Julie

I shall never forget the day that I met you, five years ago. I had lunched with a friend, and then we’d travelled to her son’s primary school to pick up the boys on Sydney’s North Shore. I was homeschooling my daughter, and was unaccustomed to the chaos of school pickup. We walked into the schoolyard with a plethora of parents in business suits. My free-spirited daughter broke away, just as the school bell rang, and decided to climb a splendid gum tree in the school grounds. The next thing I knew, a woman was shrieking that my nine year old girl was stuck up a tree and was going to fall! A teacher ran over and told my girl to come down this instant! She said she would guide her down. My daughter had only climbed to the first branch, and said “okay,” and hopped down of her own accord, which was met with swooning. I was aghast, and whispered that it may be a good idea for her to sit quietly, whilst we waited for the boys, since tree climbing was not encouraged. Chatting to my friend, I looked around and saw a lady approaching. She had seen my daughter leap from the tree and smiled. Julie was in her thirties, and had what could only be termed a double aura. There seemed to be a circle of tragedy around her; grey and dense and full of scars and fear. There was also another ring, this being a chrysalis of hope and strength; cool and driven by a light from within her. Her hair resembled cedar shavings, tumbling to her shoulders and her hazel eyes, diluted from the pills she was obviously taking, were magnificent. We exchanged pleasantries and whilst my friend chatted to a teacher and greeted her boys, Julie sat next to me, and we talked on a much deeper level.

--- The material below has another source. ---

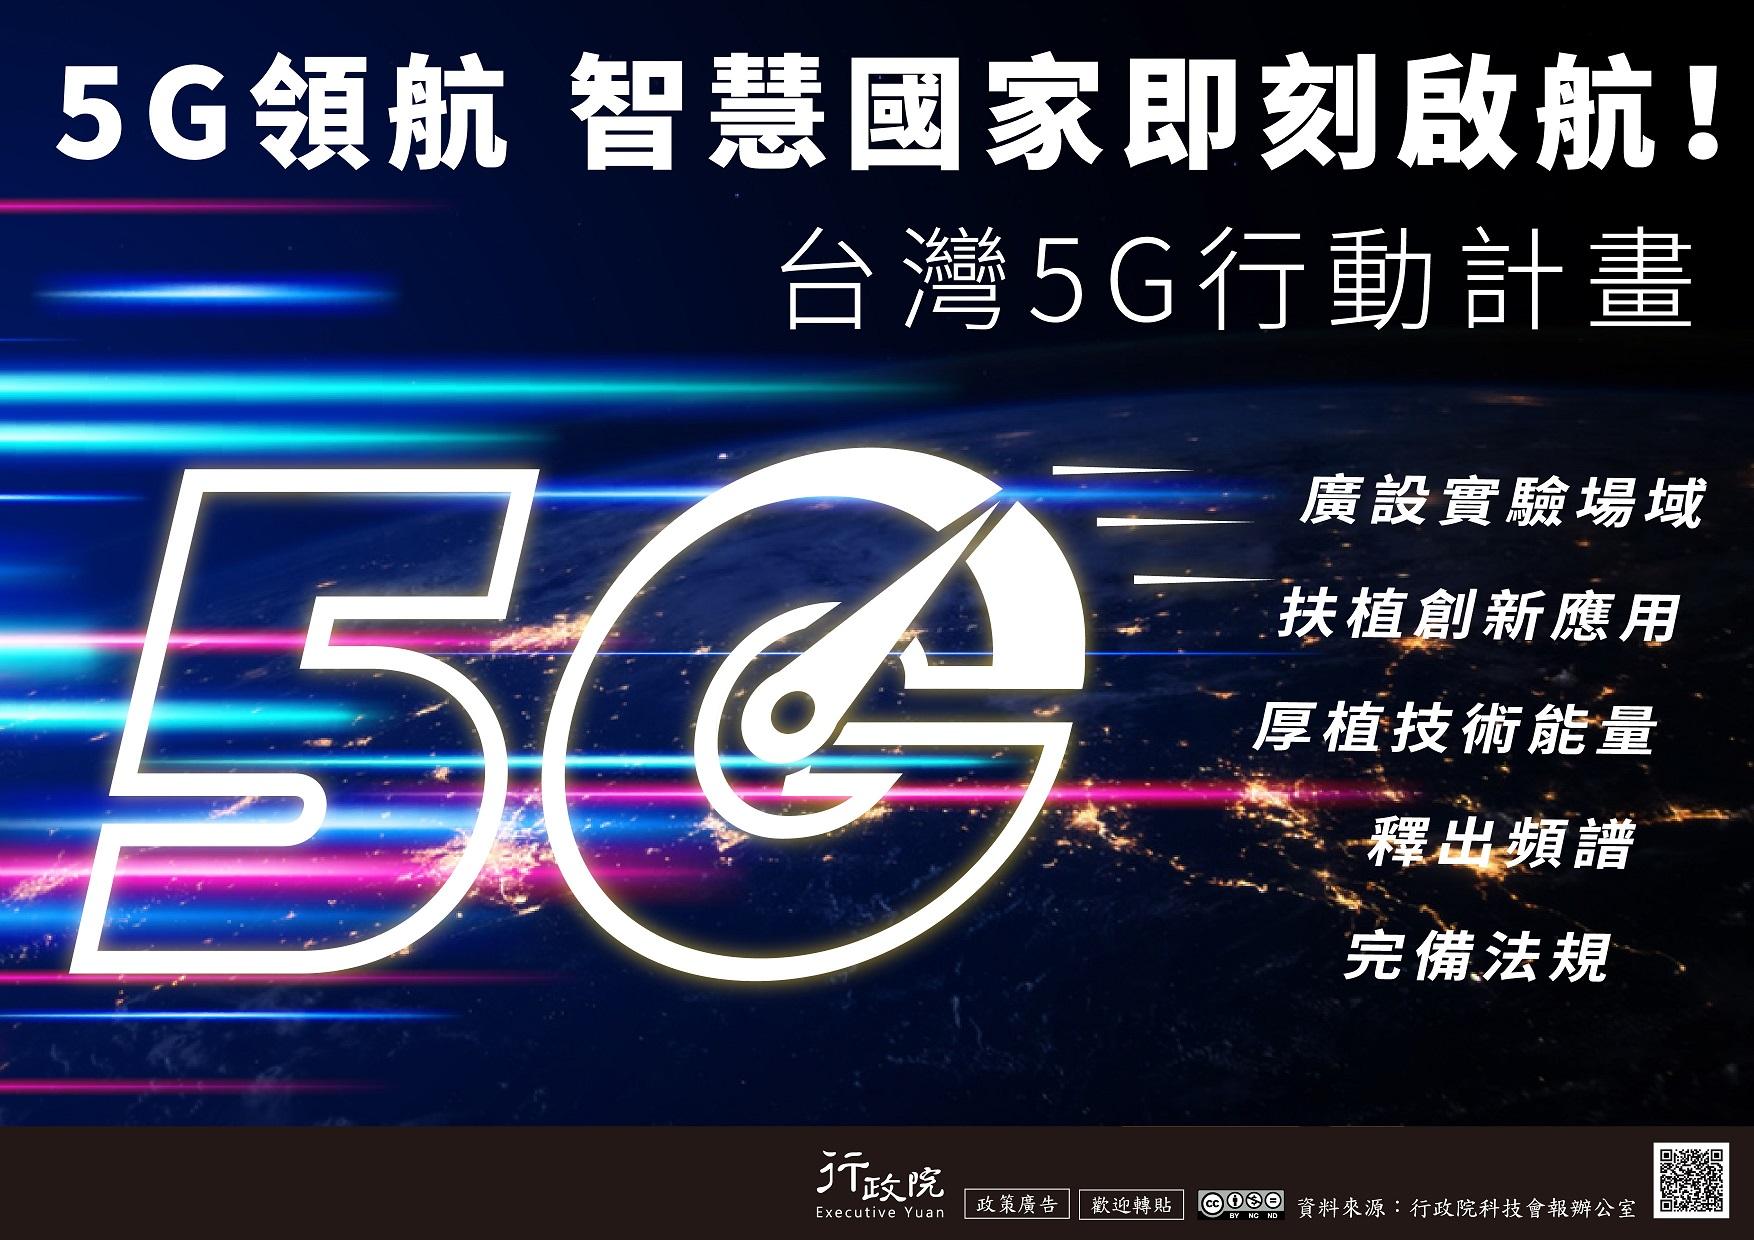 台灣5G行動計畫.jpg

You see, despite only having met a few moments ago, she had recognised a kindred spirit; somebody who had been through a similar hell and lived to tell the tale. Subtly slurring, she got out what had been festering within. Born into privilege, her father was a high-powered figure in the legal profession interstate. He was also a rapist. There was nowhere for her to turn, and every time she told someone, she was shot down. How she survived her childhood, I do not know. She moved to Sydney, and married. He was another high-powered man, who ended up breaking her heart. She was left with nothing after their divorce, and had to rebuild from scratch. Due to her anxiety and depression, she was portrayed as a fragile little bird in court. Nothing could be further from the truth. As I grew to know her, I discovered she was rather, a falcon; flying high above the smaller birds. Others flew on her back, when they grew weary. Her mighty wings just kept on going, sustaining everyone in her sphere.

She would send me the most insightful and encouraging messages, and I looked forward to our meetings. It all abruptly ended, when she sustained a nervous breakdown. She felt she had no choice but to return interstate to live with her family once more. I received word the other day that she is gone from this world, this mighty falcon with curls the colour of cedar wood and sparkling hazel eyes. Some could only see the lady whose power had receded, but she was not a tragic figure. She fought and she told grownups and she held on. She birthed beautiful children and let herself trust a man enough to fall in love and marry. She retrained and did all she could to work and rebuild her life and soul, when it all went awry. She did all she could to smile and play and remain, despite regular nightmares, little sleep, and daily flashbacks.

When you meet a wounded soul, look beyond the timidity, the dazed eyes and the slurred speech. Look beyond the pain. These were borne of what was done to them and have nothing to do with who they actually are. Venturing into the world without family or support, all they have guiding them is a pocketful of stars, and a head filled with dreams. The miracle is, that they are willing to love at all. The miracle is, that they bestowed the love they hadn’t been given. When you think of a fragile bird, cast your mind to what they actually are. A mighty falcon, just like Julie.